Stored data:
*** Block opens ***

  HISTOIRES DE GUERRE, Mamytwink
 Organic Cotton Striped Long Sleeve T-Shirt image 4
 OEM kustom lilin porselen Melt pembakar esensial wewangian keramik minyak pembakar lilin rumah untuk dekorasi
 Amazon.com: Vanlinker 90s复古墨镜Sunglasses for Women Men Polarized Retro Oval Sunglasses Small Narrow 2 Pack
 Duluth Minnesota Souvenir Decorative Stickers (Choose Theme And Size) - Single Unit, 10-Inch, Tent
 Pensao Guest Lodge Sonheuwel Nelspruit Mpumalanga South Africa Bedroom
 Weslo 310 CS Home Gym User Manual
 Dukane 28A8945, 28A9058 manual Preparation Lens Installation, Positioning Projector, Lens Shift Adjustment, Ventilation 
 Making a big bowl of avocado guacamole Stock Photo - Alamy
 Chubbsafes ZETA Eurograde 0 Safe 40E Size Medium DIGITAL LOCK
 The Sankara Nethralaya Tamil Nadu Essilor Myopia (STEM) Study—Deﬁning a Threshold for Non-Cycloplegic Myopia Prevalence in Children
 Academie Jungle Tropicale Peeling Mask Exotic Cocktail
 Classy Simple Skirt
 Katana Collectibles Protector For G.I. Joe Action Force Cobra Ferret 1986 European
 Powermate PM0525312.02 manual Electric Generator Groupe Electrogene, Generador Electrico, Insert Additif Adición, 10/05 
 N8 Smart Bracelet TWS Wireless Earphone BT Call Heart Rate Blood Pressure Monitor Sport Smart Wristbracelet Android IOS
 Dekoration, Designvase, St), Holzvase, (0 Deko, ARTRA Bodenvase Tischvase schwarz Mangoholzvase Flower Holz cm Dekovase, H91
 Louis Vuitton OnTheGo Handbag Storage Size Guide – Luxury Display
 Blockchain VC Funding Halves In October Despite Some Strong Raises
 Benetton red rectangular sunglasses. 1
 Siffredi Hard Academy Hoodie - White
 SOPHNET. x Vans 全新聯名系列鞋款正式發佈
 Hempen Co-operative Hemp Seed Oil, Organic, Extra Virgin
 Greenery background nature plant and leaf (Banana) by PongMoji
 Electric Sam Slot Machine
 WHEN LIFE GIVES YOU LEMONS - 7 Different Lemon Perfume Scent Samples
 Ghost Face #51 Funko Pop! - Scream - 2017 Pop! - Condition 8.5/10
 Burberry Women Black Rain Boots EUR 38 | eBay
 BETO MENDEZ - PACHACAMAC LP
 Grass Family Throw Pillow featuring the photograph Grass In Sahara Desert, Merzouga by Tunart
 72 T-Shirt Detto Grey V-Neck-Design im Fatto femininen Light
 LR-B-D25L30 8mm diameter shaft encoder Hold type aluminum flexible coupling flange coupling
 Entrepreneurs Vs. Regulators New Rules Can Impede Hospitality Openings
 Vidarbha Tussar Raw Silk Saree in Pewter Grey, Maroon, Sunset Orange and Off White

*** Block closes ***

**WORK ITEM**
Retype exactly, please, only the lines of the entries that run from the one containing "LR-B-D25L30 8mm diameter" to the last.

**EXERCISE SOLUTION**
 LR-B-D25L30 8mm diameter shaft encoder Hold type aluminum flexible coupling flange coupling
 Entrepreneurs Vs. Regulators New Rules Can Impede Hospitality Openings
 Vidarbha Tussar Raw Silk Saree in Pewter Grey, Maroon, Sunset Orange and Off White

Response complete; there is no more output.